Collared LizardThe Partnership for Amphibian and Reptile Conservation (PARC), a group comprised of private citizens, herpetologists, environmental organizations and others, has made great progress in the 10 years since its inception. 2011’s “Year of the Turtle” effort was especially effective in raising support for tortoise and turtle conservation. This year, the group has turned its attention to lizards, with an emphasis on North America’s many unique and imperiled species.

Lizard Conservation Overview

In the eye of the general public, lizards do not suffer the “image problem” that besets snakes, yet they lack the appeal of turtles and frogs. And so their conservation needs are, with few exceptions, not well-known. I sometimes wonder if the high visibility of a few common anoles and geckos in warm locales leads some (non-herp-oriented) people to regard lizard populations as relatively secure. 

The problem is not limited to the private sector. After a lifetime of working with professional herpetologists, I have the sense that lizard specialists are not in great abundance. Even the IUCN admits that the world’s 5,000+ species require more of its attention.

Only 38 of the USA’s 110-115 lizards have been classified under the Endangered Species Act. Eleven of these, including the Dunes Sagebrush Lizard, Florida Sand Skink and Blunt-Nosed Leopard Lizard, are considered to be threatened or endangered.  Certainly, others need attention, and protection given to rare lizards often benefits other creatures as well. For example, the Dunes Sage brush Lizard is endemic to a unique sand dune-Shinnery Oak ecosystem in SW New Mexico and West Texas. Surveys of the habitat are not complete, but already 14 endemic insects have been discovered.

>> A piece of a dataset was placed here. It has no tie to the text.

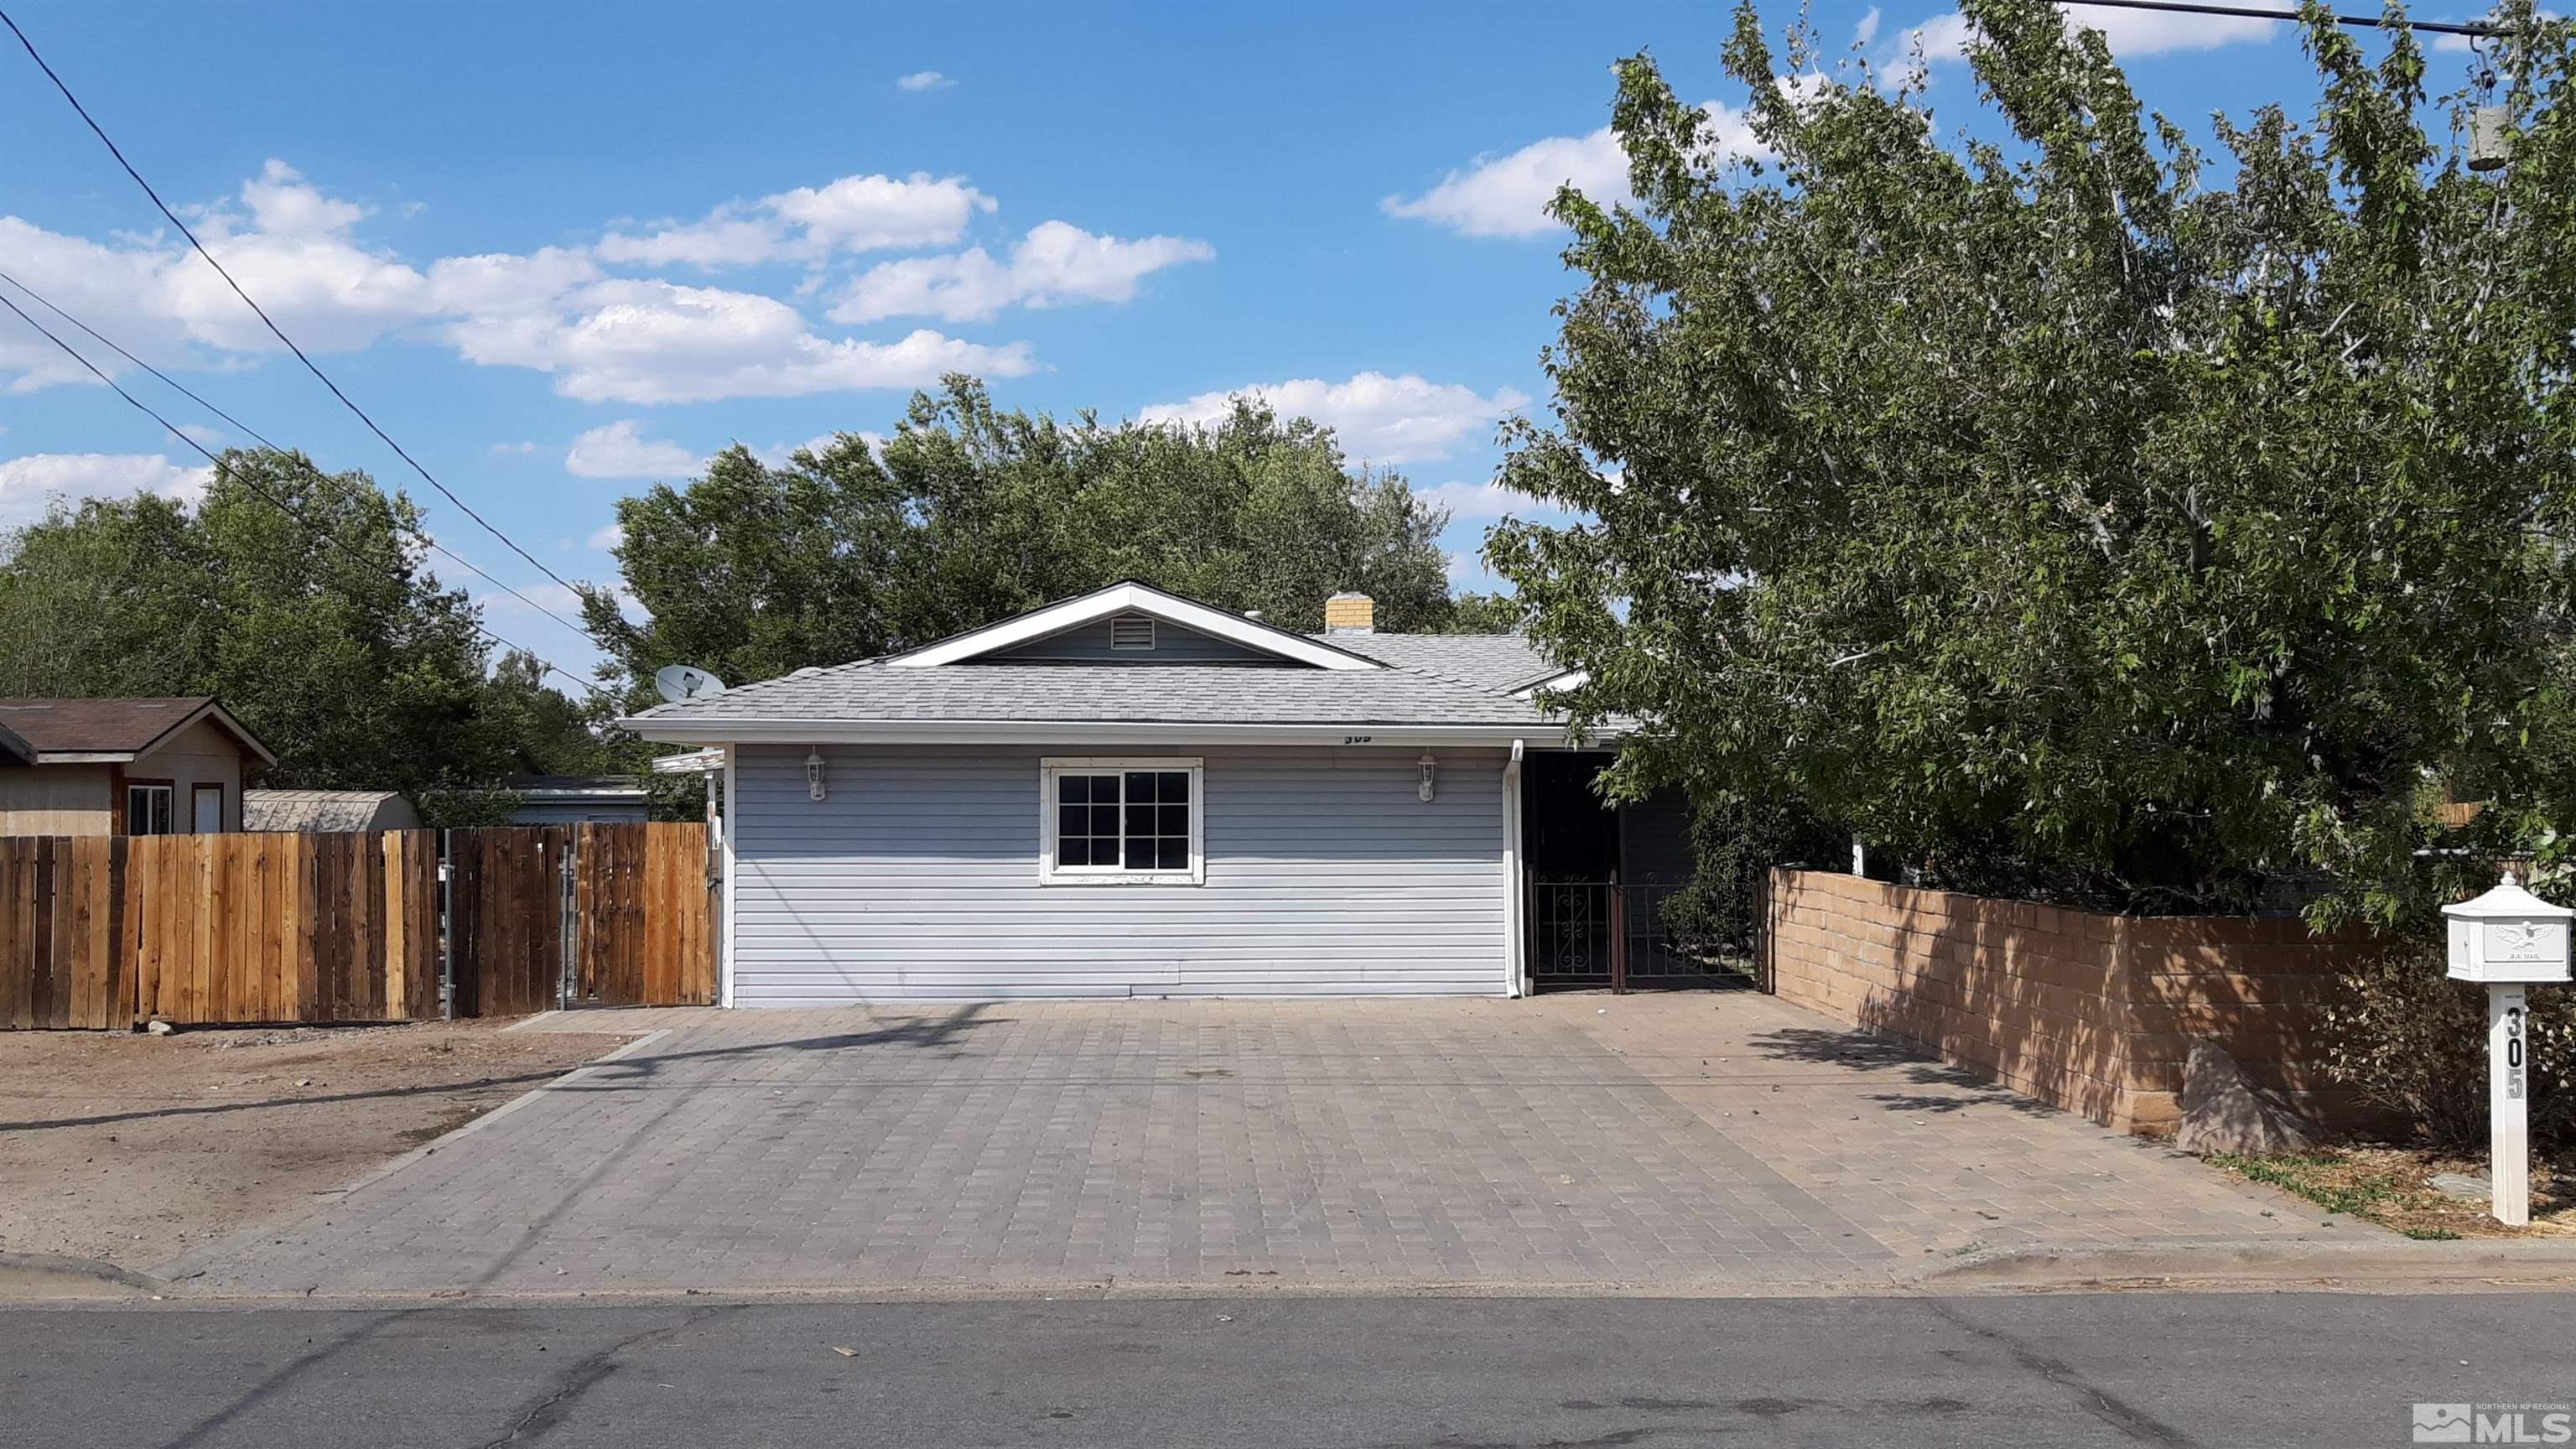 Image for 305 Coretta Way, Reno, NV 89506
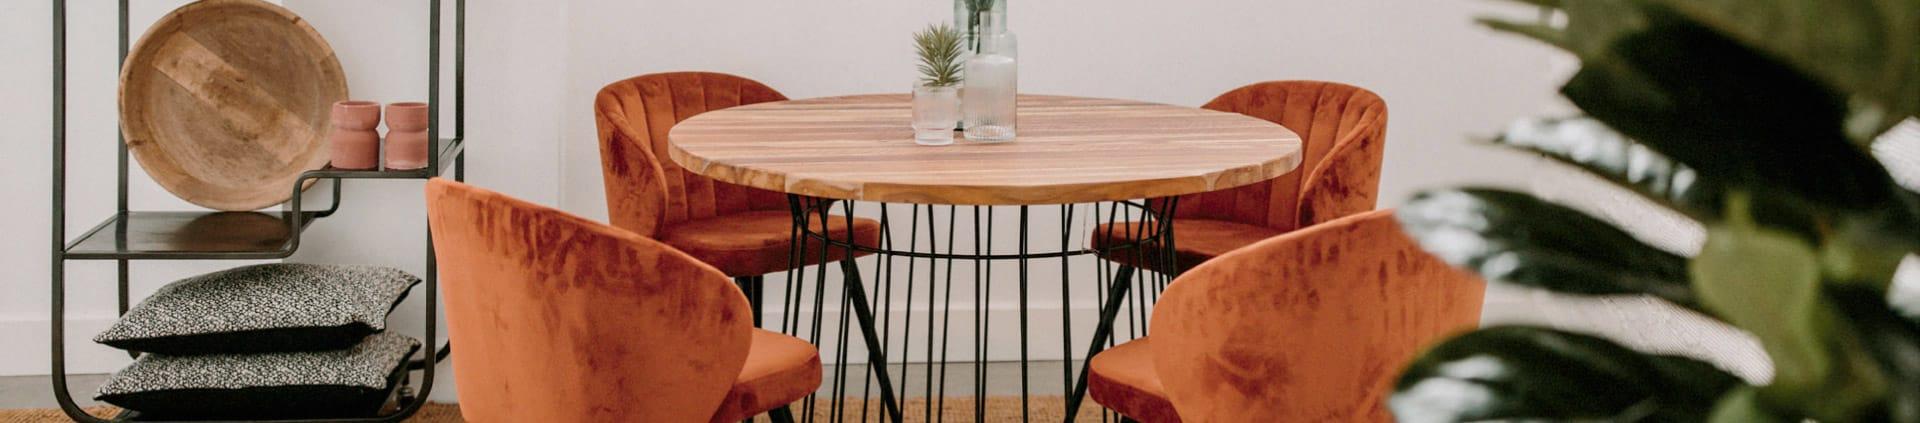 OWEN ESTRUCTURA NEGRA Armazones y estructuras de mesa

Bringing Lizards into the Spotlight

Gila MonsterIn light of the above, I applaud PARC’s decision to focus this year’s work on lizards. Coordinated research, conservation, and educational efforts will be utilized to protect and study a number of species while putting lizard conservation in the public eye. Periodic newsletters (sample and sign up here), which are always well-written, will highlight various projects, species and researchers. Anyone with an interest in lizard conservation can submit photos for possible use in PARC’s monthly calendar (click here for details), lizard art, articles, and educational materials.

Threats to US Lizards

Lizards everywhere are threatened by many of the same things that trouble other creatures, including habitat loss and fragmentation, over-exploitation, climate change and introduced species. PARC’s newsletters and updates do a great job of explaining exactly how and why these processes are occurring. Following are some unique examples.

Introduced Animals

The USA is home to approximately 150 lizard species – but only 110 or so are native!  The 40 introduced lizards negatively affect others via competition and predation, and may introduce diseases or parasites for which US lizards have no defenses.

Introduced Fire Ants are troublesome to several horned lizard species, all of which feed nearly exclusively upon ants, in several ways. By displacing native ants, they limit the lizards’ food supply (Fire Ants are not taken as prey). Fierce predators in their own right, Fire Ants also attack lizards and their eggs. They likely affect plant communities as well, which in turn can impact horned lizard survival by altering the environment.

Introduced Indian Mongooses are driving the St. Croix Ground Lizard to the brink of extinction. I was fortunate enough to see this lizard in the wild many years ago, but have been told they are now gone from the site I visited.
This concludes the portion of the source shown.